C1_W1Natural Language Processing with Classification and Vector Spaces Exercise 5

When using the process_tweet function, I got an error even though earlier in the assignment, all tests pass for this function.
print([type(tweet) for tweet in test_x[:5]])
TypeError Traceback (most recent call last)
in
----> 1 tmp_accuracy = test_logistic_regression(test_x, test_y, freqs, theta)
2 print(f"Logistic regression model’s accuracy = {tmp_accuracy:.4f}")

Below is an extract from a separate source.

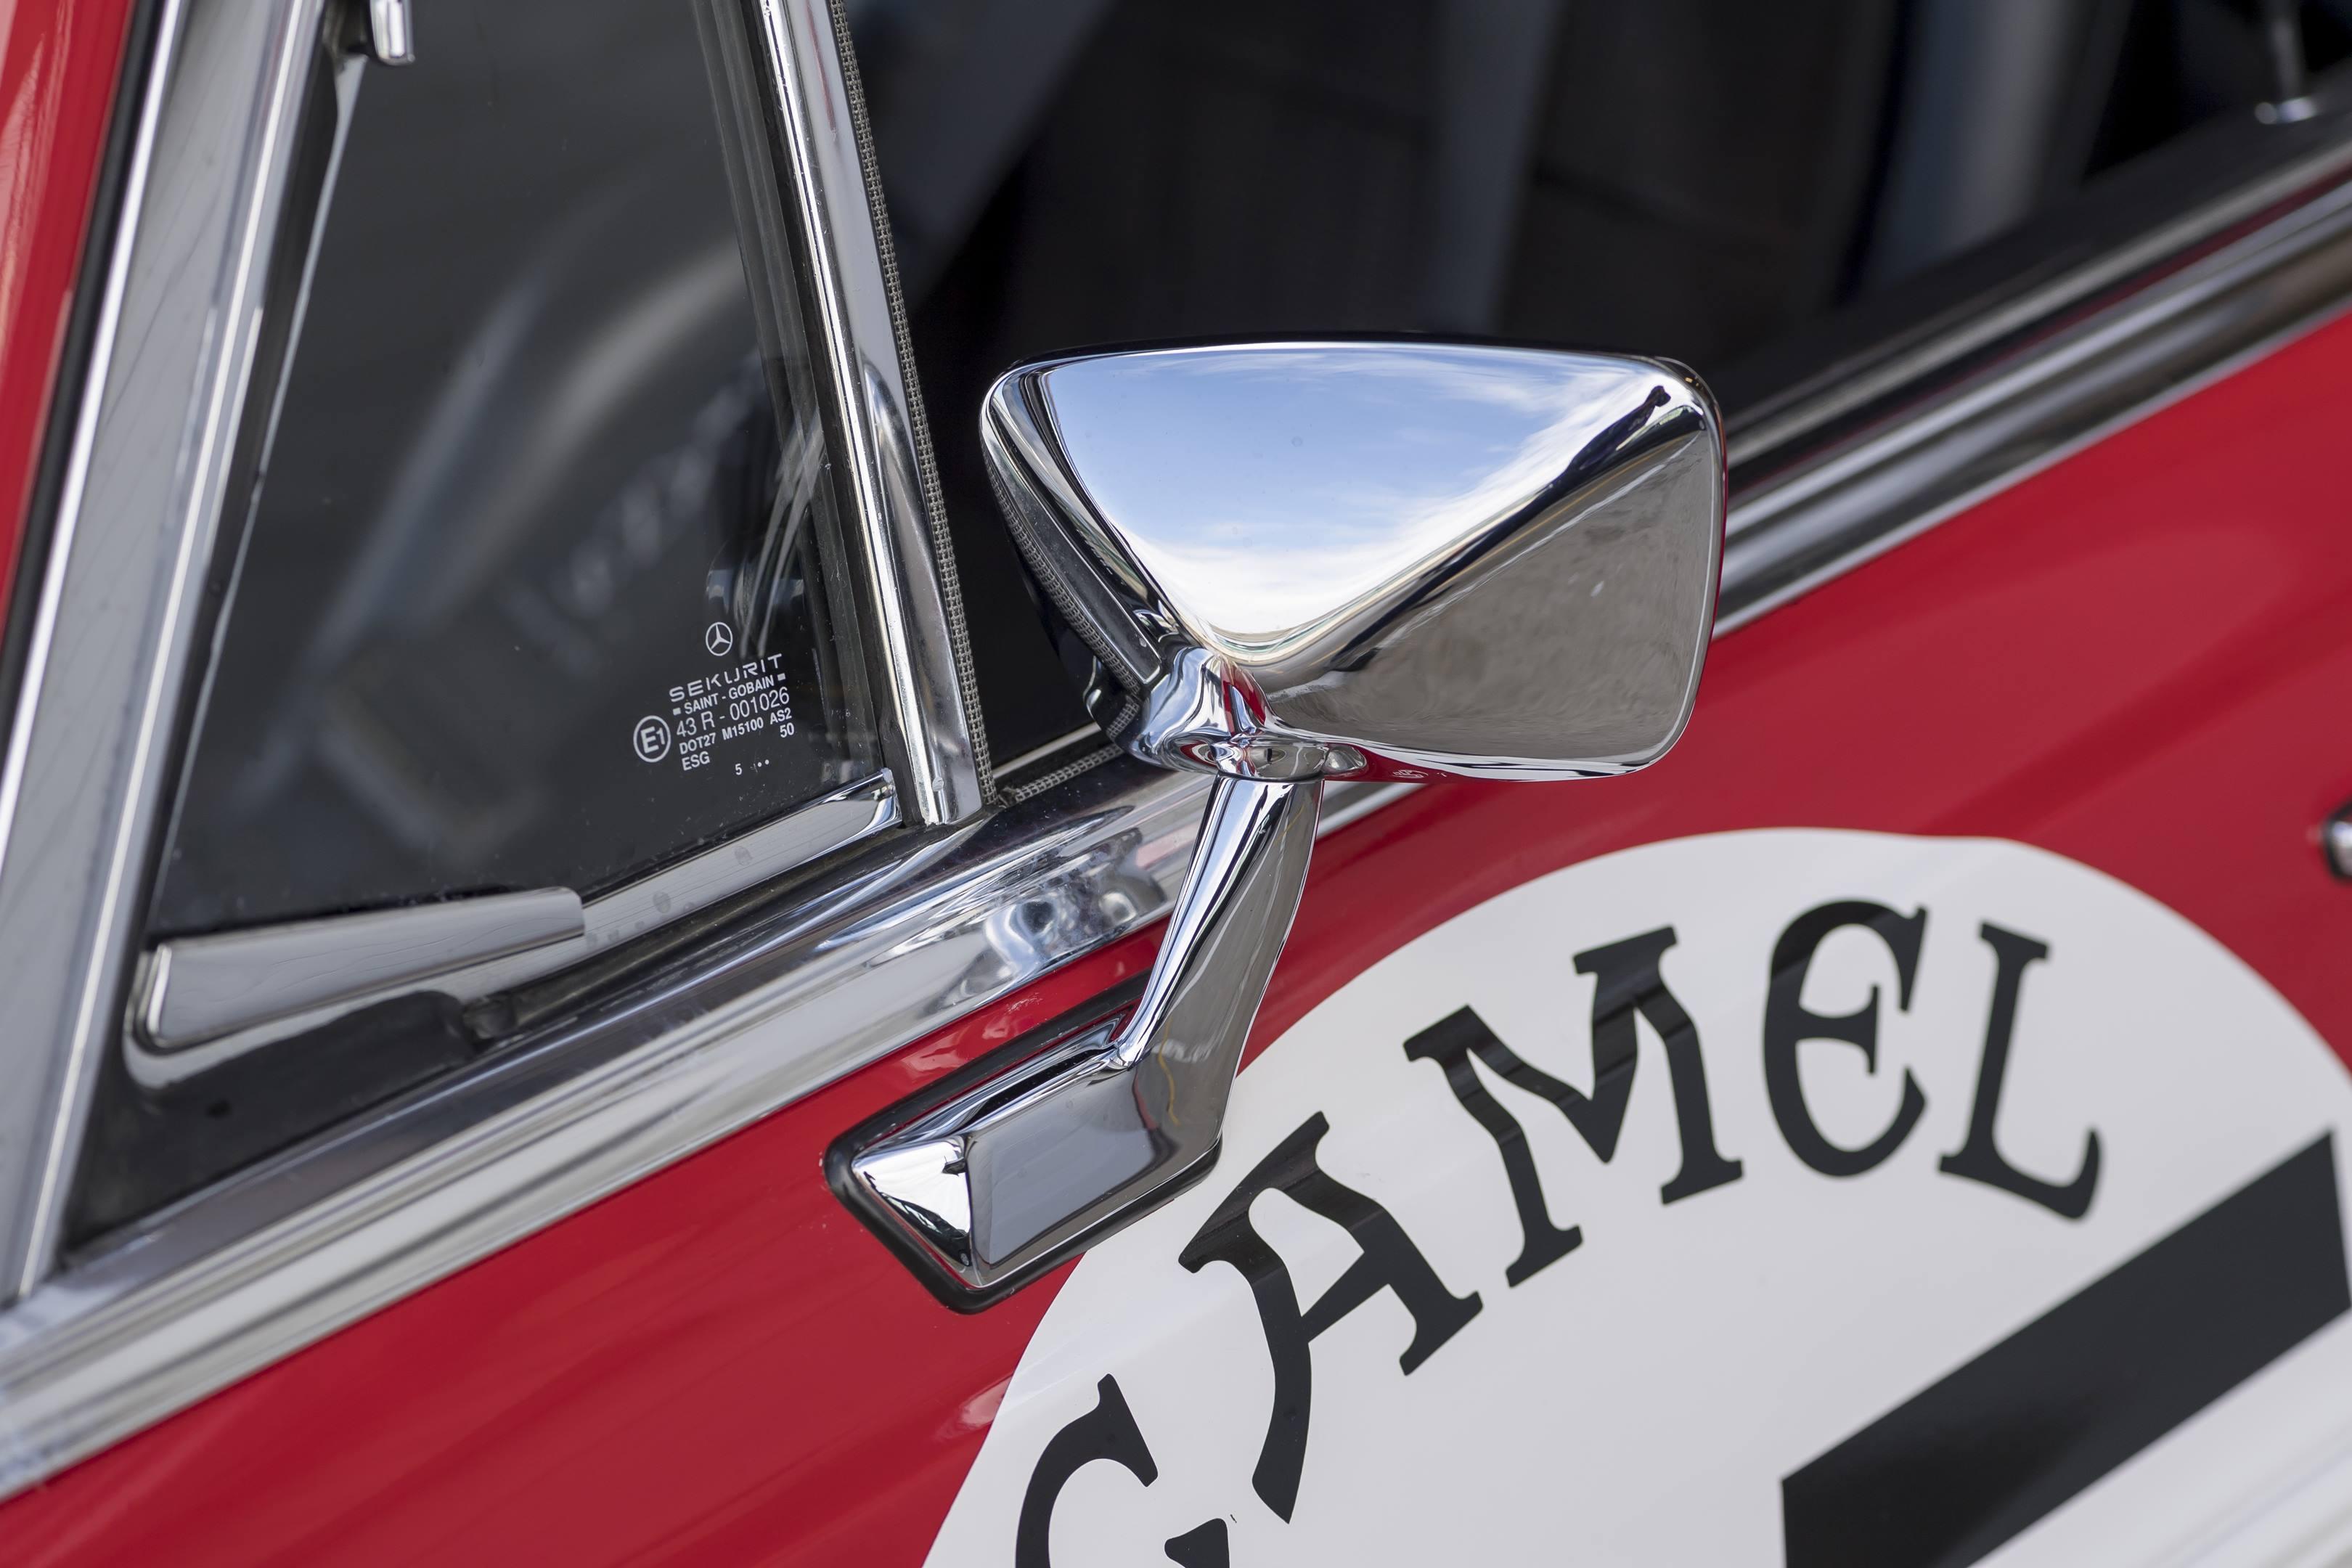 mercedes benz amg 300SEL 6.3 side mirror

in test_logistic_regression(test_x, test_y, freqs, theta, predict_tweet)
18 for tweet in test_x:
19 # get the label prediction for the tweet
—> 20 y_pred = predict_tweet(test_y, freqs, theta)
21
22 if y_pred > 0.5:

in predict_tweet(tweet, freqs, theta)
12
13 # extract the features of the tweet and store it into x
—> 14 x = extract_features(tweet, freqs)
15
16 # make the prediction using x and theta

in extract_features(tweet, freqs, process_tweet)
9 ‘’’
10 # process_tweet tokenizes, stems, and removes stopwords
—> 11 word_l = process_tweet(tweet)
12
13 # 3 elements for [bias, positive, negative] counts

~/work/utils.py in process_tweet(tweet)
19 stopwords_english = stopwords.words(‘english’)
20 # remove stock market tickers like $GE
—> 21 tweet = re.sub(r’$\w*‘, ‘’, tweet)
22 # remove old style retweet text “RT”
23 tweet = re.sub(r’^RT[\s]+', ‘’, tweet)

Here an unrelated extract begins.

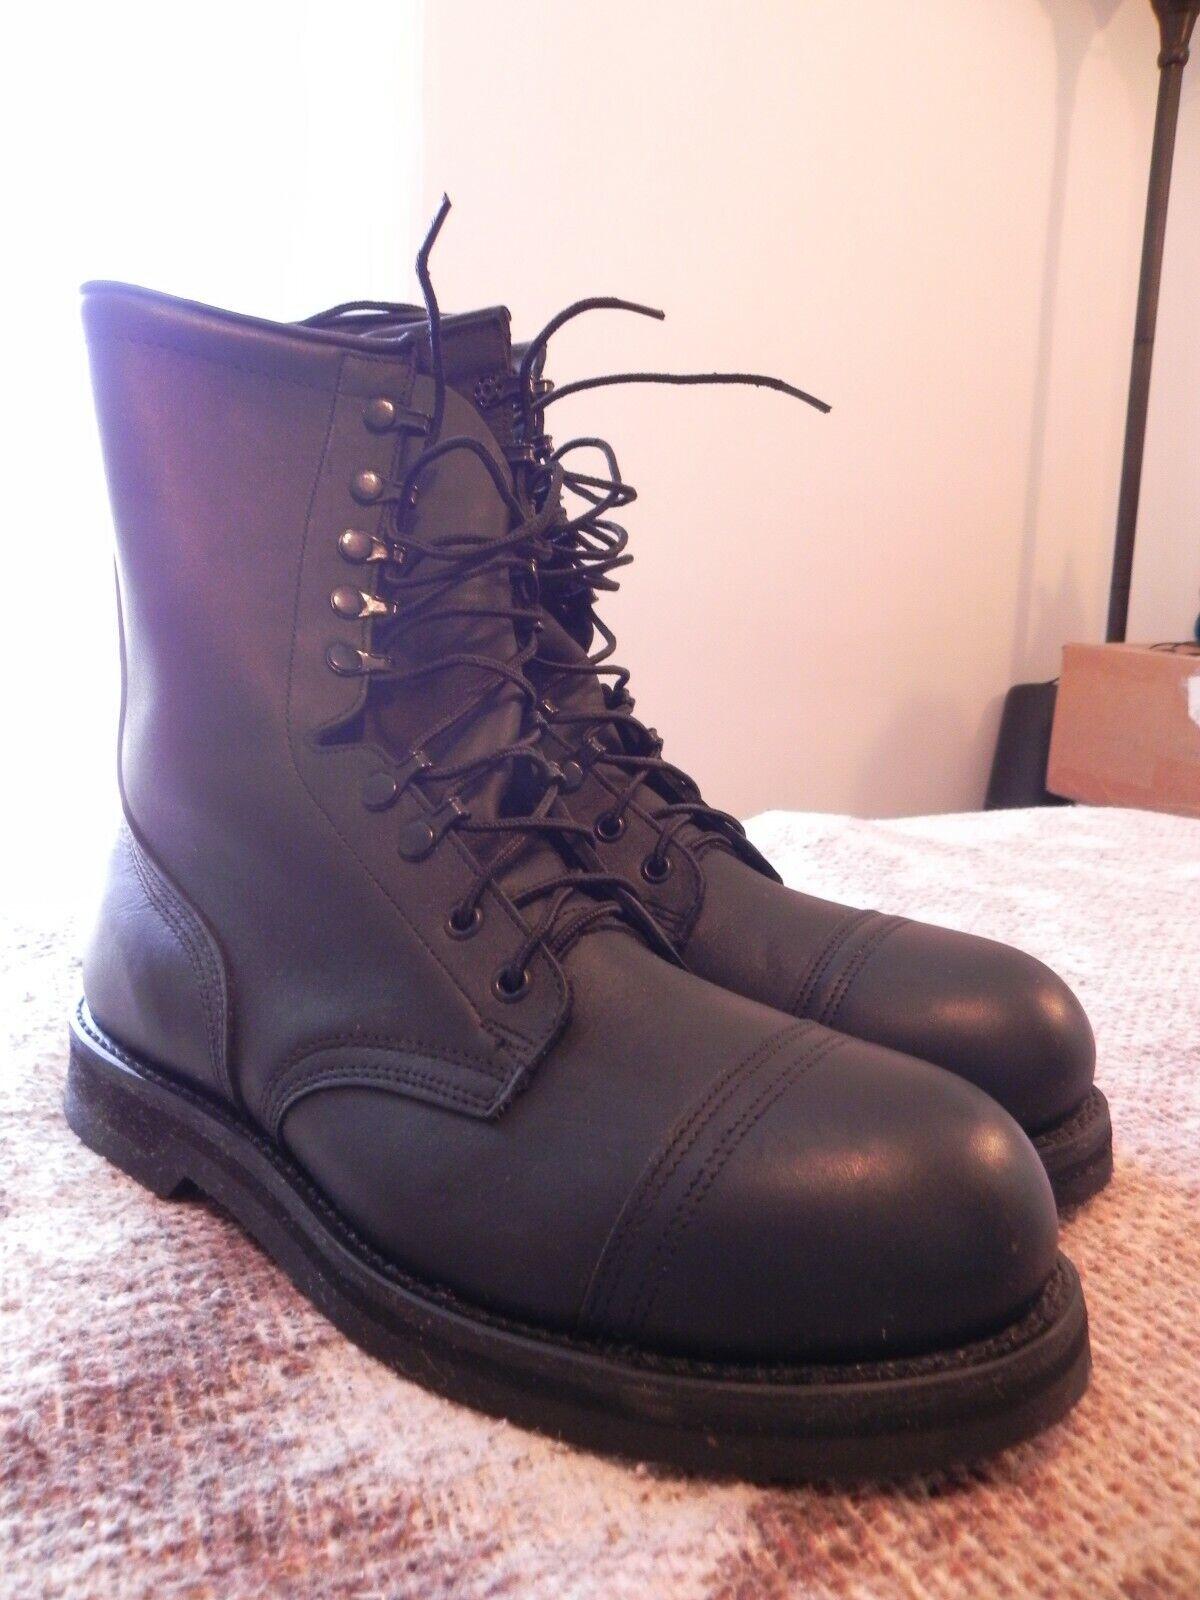 Vibram Addison shoes Company, Men's Military Combat Boots Size 10
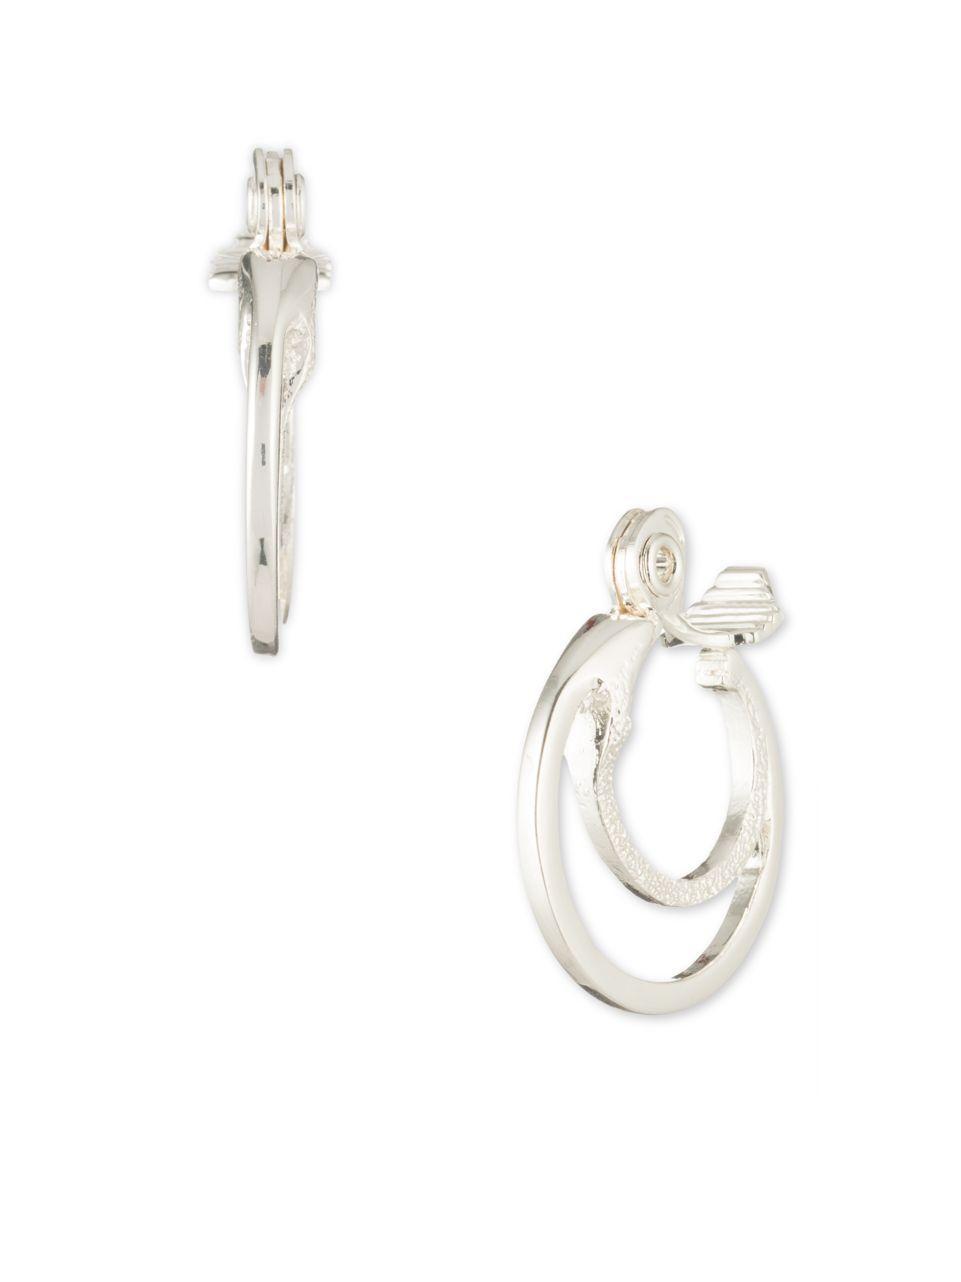 lyst anne klein textured double hoop earrings in metallic. Black Bedroom Furniture Sets. Home Design Ideas

/opt/conda/lib/python3.7/re.py in sub(pattern, repl, string, count, flags)
190 a callable, it’s passed the Match object and must return
191 a replacement string to be used.“”"
→ 192 return _compile(pattern, flags).sub(repl, string, count)
193
194 def subn(pattern, repl, string, count=0, flags=0):

TypeError: cannot use a string pattern on a bytes-like object

When you are invoking predict_tweet there, you are supposed to be passing one tweet as the first argument, but you are passing an array of the labels for the tweets, which is why you get that error message.

A perfectly correct function can still throw errors if you call it incorrectly. :nerd_face:

1 Like

Thanks. I saw the error. I replaced test_y to just tweet. The error is fixed.

1 Like